■ **Task item**: The reply should consist solely of the lines from the one that holds "Digital Marketing nel" through the last line of the material, reproduced exactly; no pictures belong in it.

■ **Input data**:
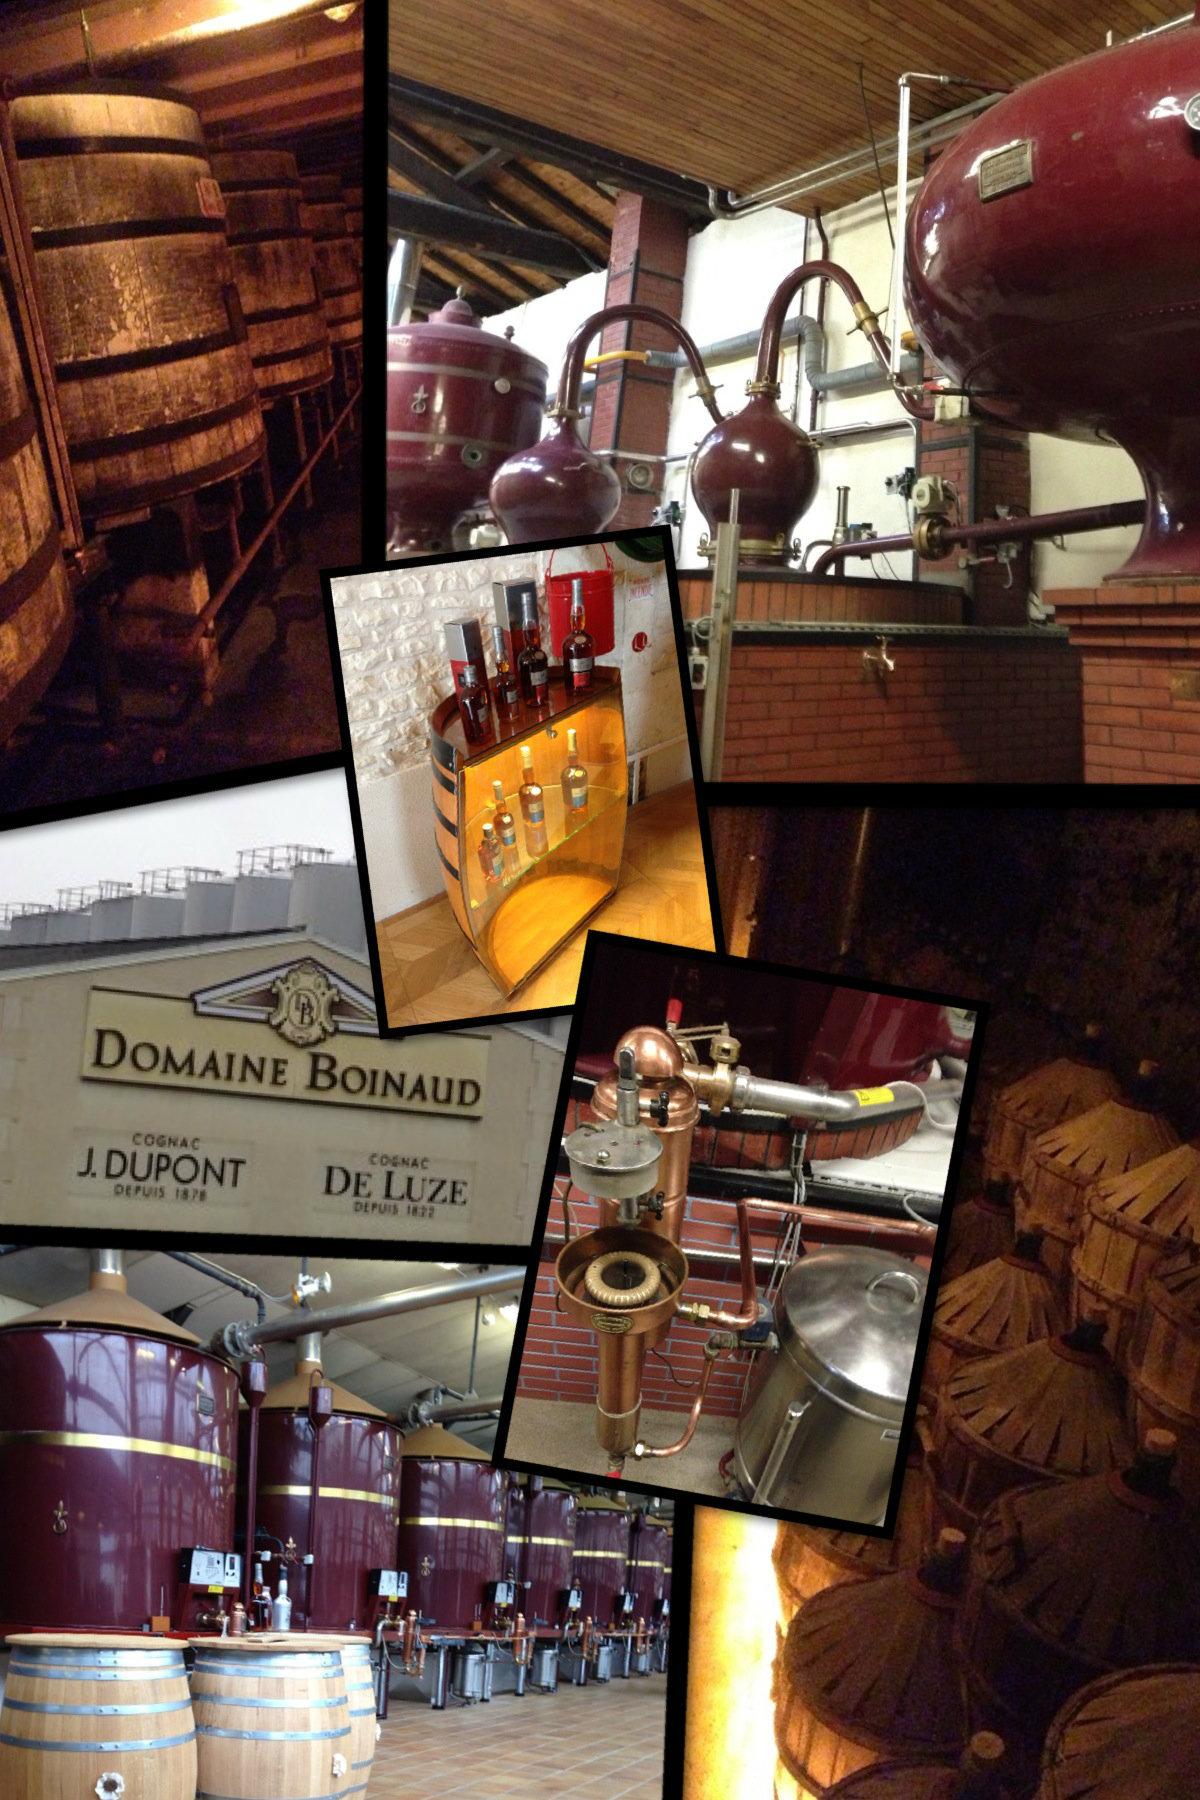 Visite domaine Boinaud - cognac De Luze - Vinocamp Cognac 2013
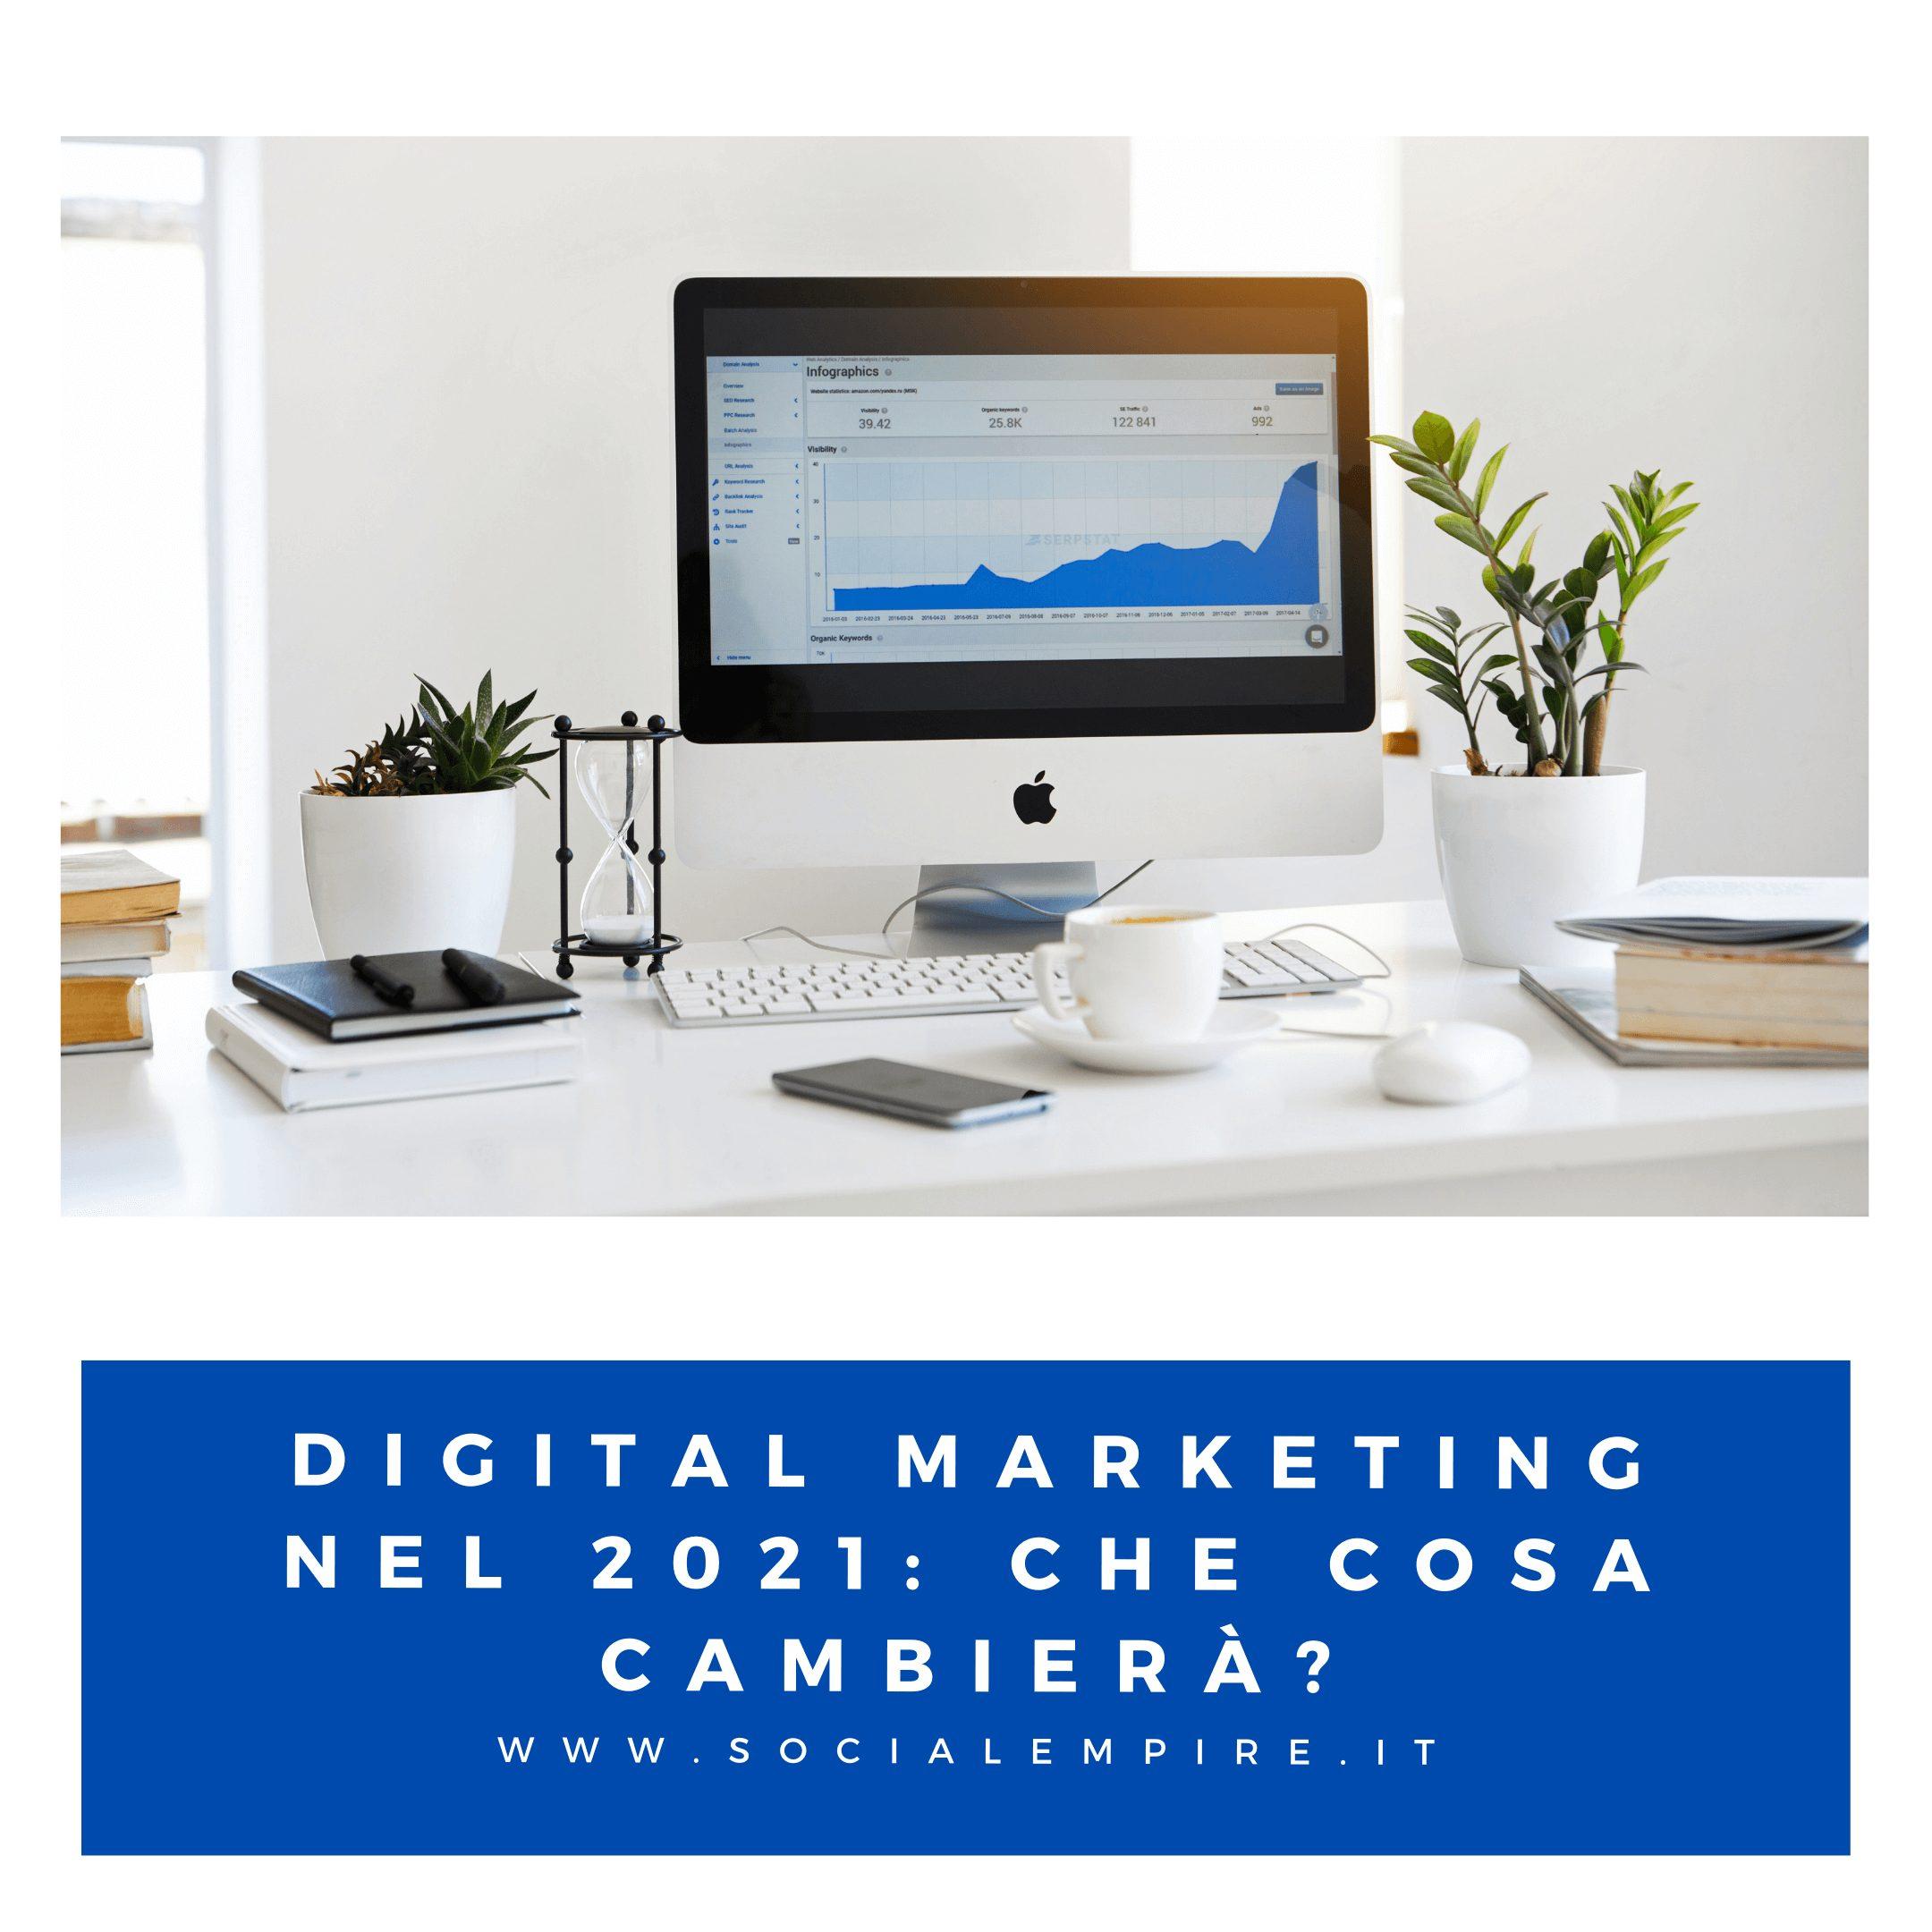 Digital Marketing nel 2021: Che cosa cambierà?
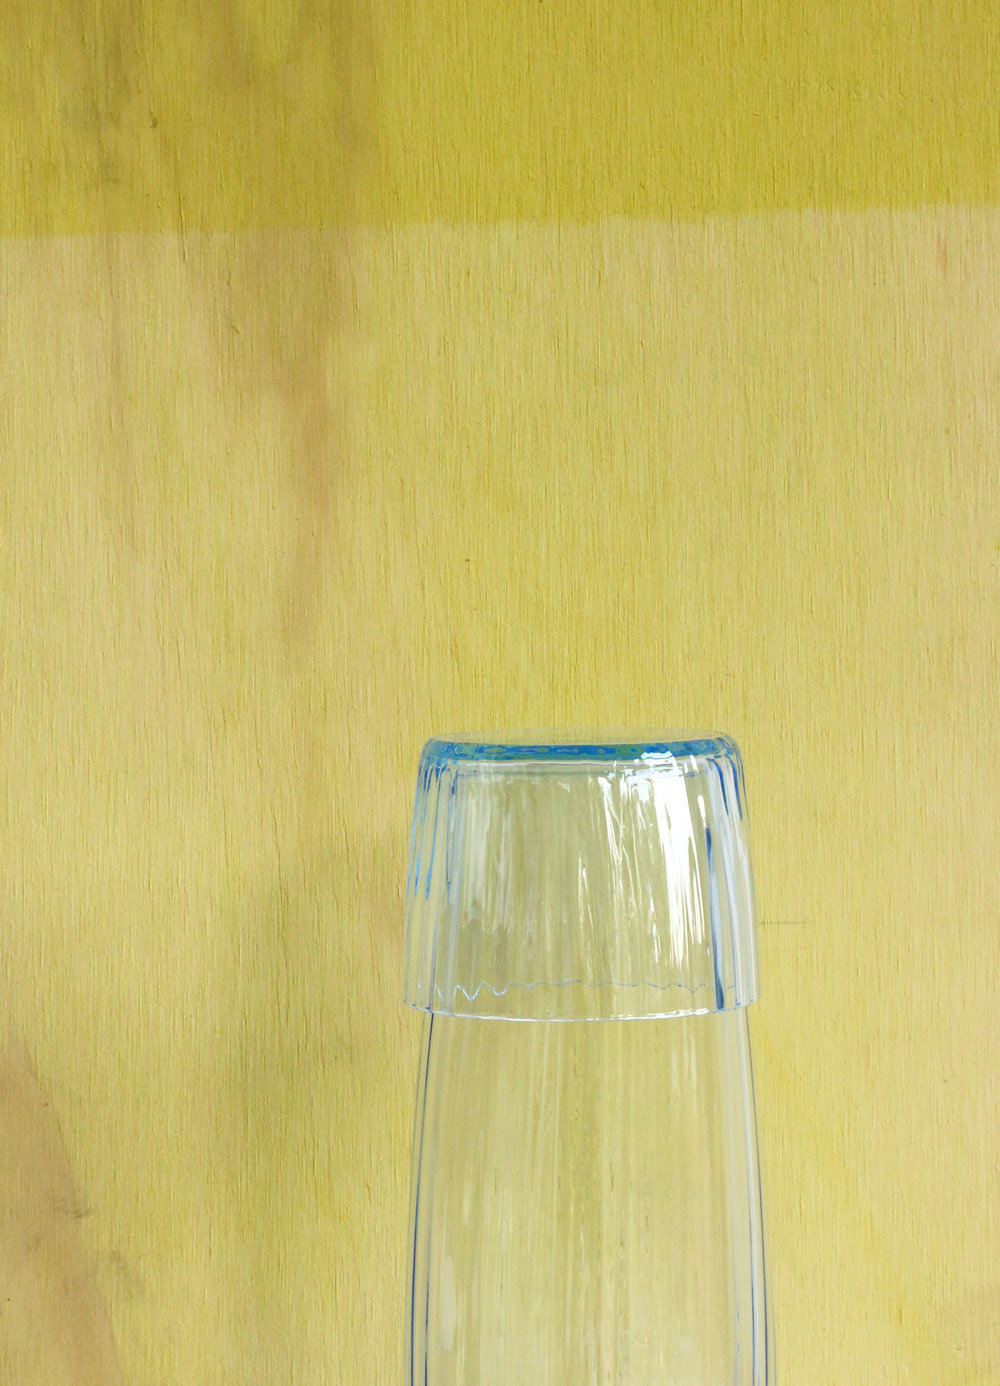 Dit is de Karaf is een nieuwe kleur: Blauw.Zo licht dat het op het dunste punt van het glas nauwelijks zichtbaar is, maar bij sommig licht ineens helder doorkomt.  Afmetingen: ø 6.5 cm H 19.5 cm. Prijs 120 Euro (incl. btw en versturen binnen NL)  Voor vragen of bestellingen: marieke.schoonderbeek@gmail.com of telefoon 0622665385.

■ **Finished exercise**:
 Digital Marketing nel 2021: Che cosa cambierà?
 Dit is de Karaf is een nieuwe kleur: Blauw.Zo licht dat het op het dunste punt van het glas nauwelijks zichtbaar is, maar bij sommig licht ineens helder doorkomt.  Afmetingen: ø 6.5 cm H 19.5 cm. Prijs 120 Euro (incl. btw en versturen binnen NL)  Voor vragen of bestellingen: marieke.schoonderbeek@gmail.com of telefoon 0622665385.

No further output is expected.